▸ **Task directions**
Leave the pictures out. Return the rest of the listing below exactly.

▸ **Collected material**
================================

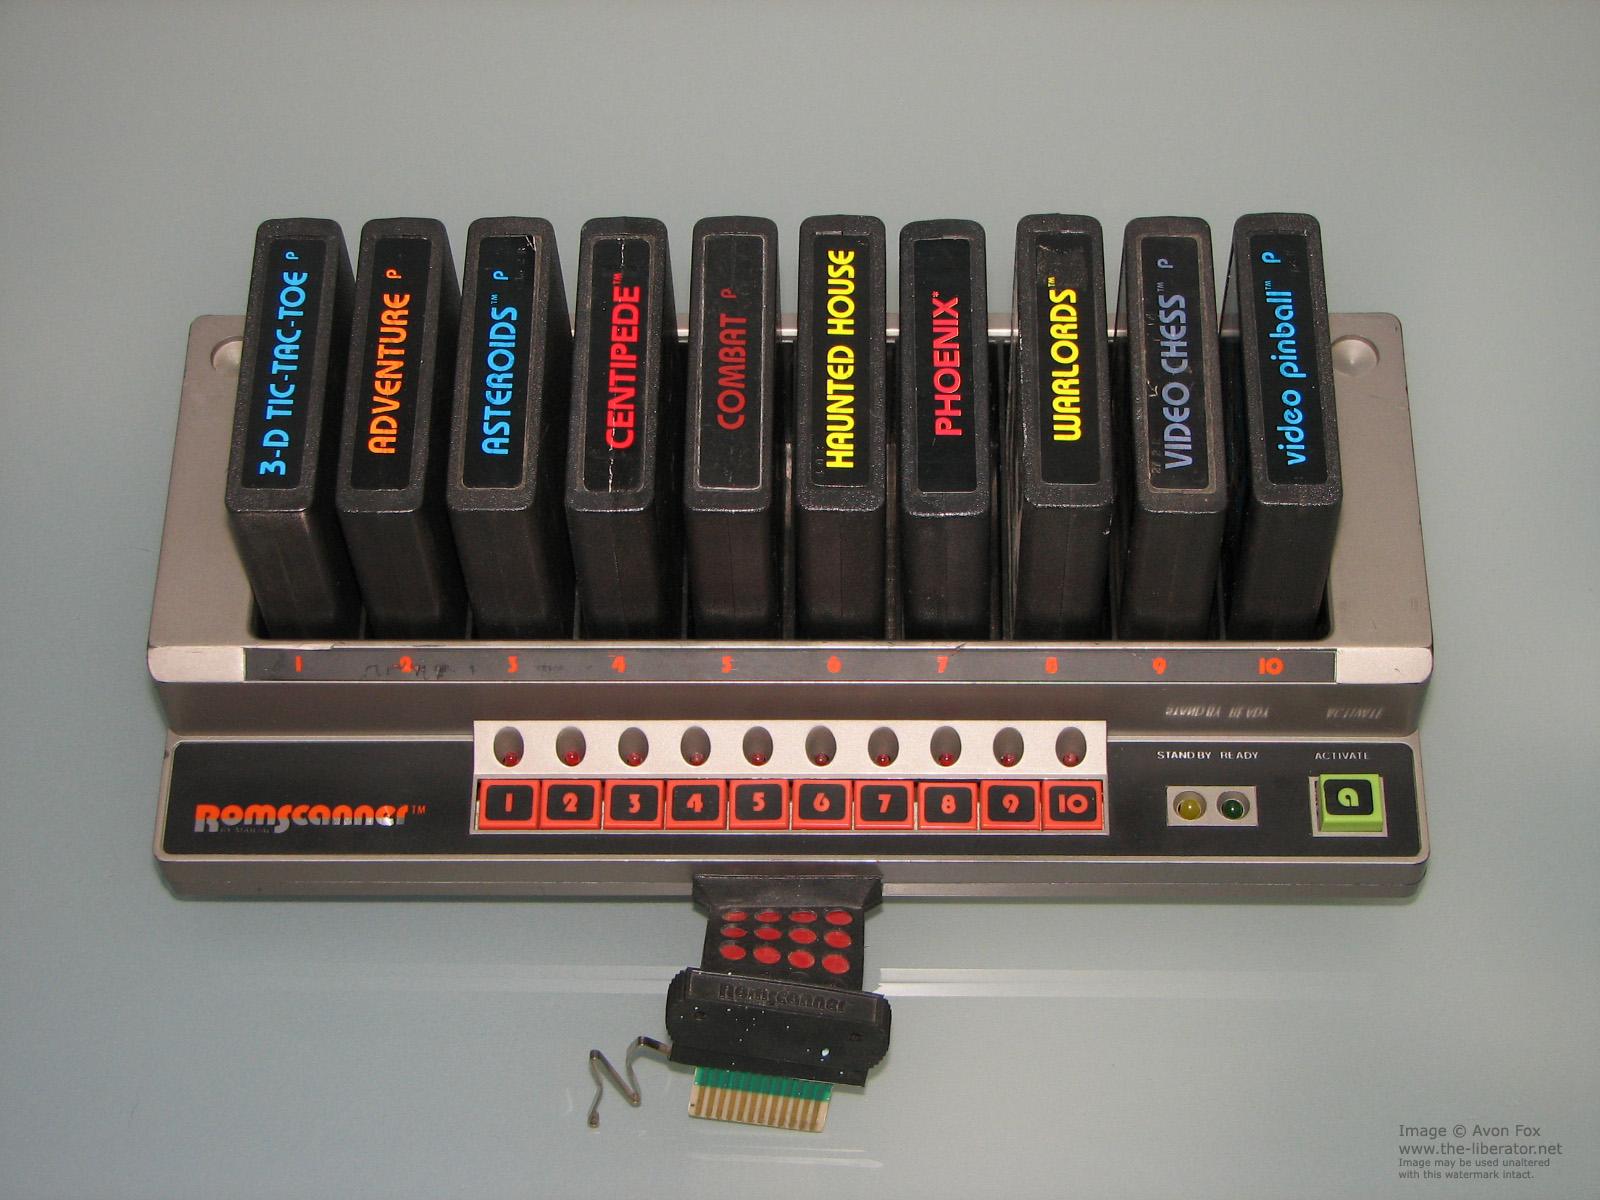 http://www.the-liberator.net/site-files/retro-games/hardware/Atari-2600/atari-2600-rom-scanner-by-marjac-1983-rev-d/Atari-2600-ROM-Scanner-by-MARJAC-1983-Rev-D-001a.JPG
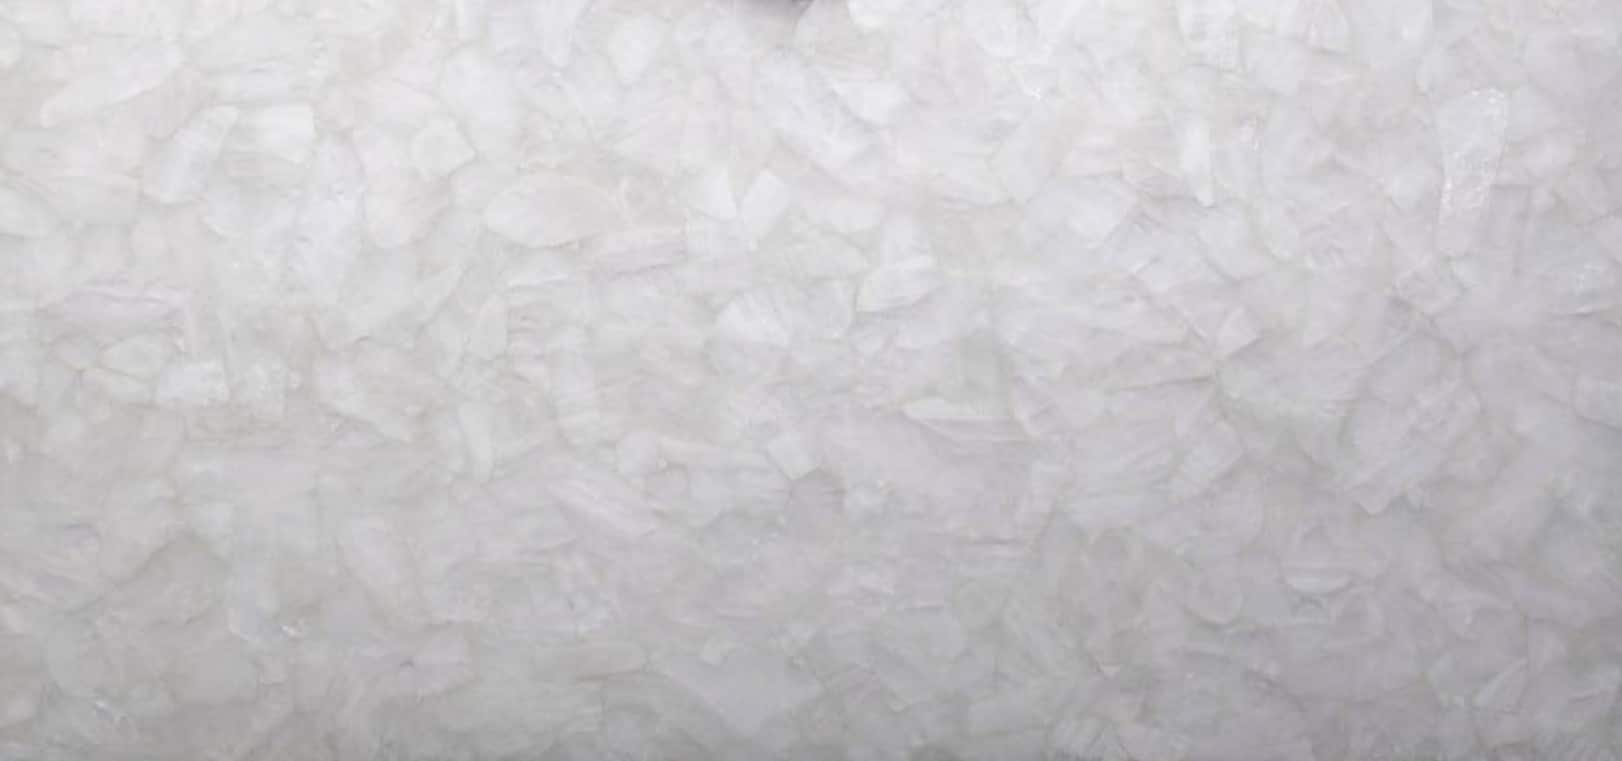 White Quartz Top Quality Semi Precious Collection
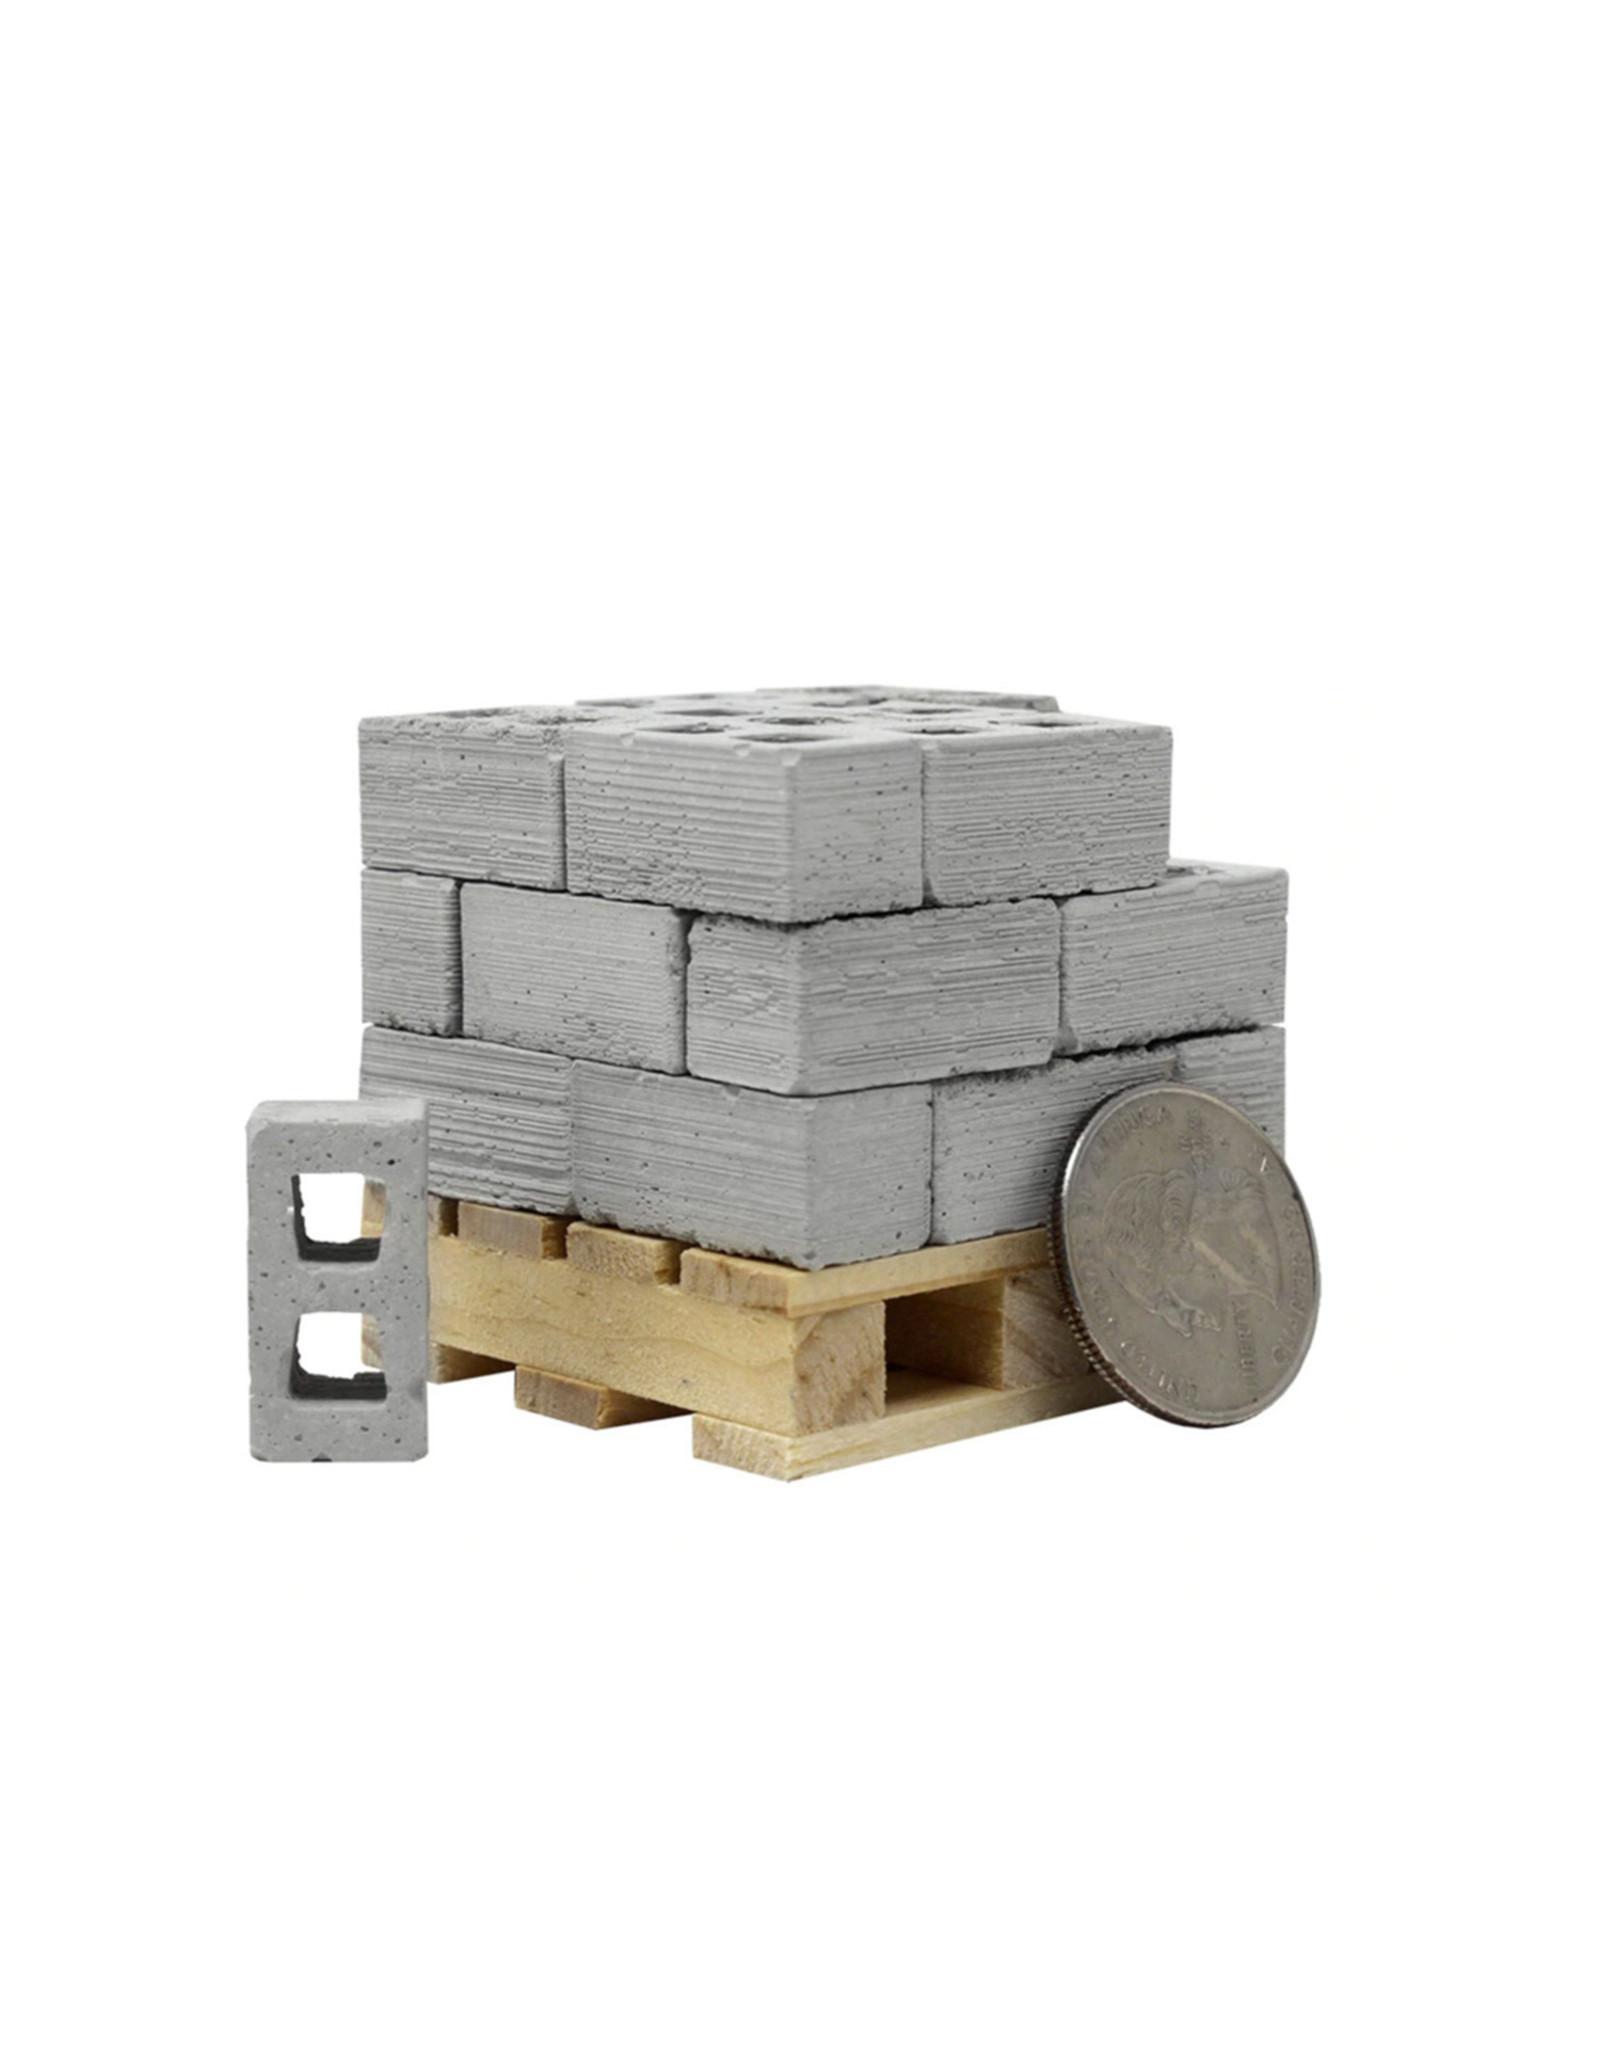 Mini Materials 1:12 Cinder Blocks (Cinders)

================================

▸ **Exercise output**
 http://www.the-liberator.net/site-files/retro-games/hardware/Atari-2600/atari-2600-rom-scanner-by-marjac-1983-rev-d/Atari-2600-ROM-Scanner-by-MARJAC-1983-Rev-D-001a.JPG
 White Quartz Top Quality Semi Precious Collection
 Mini Materials 1:12 Cinder Blocks (Cinders)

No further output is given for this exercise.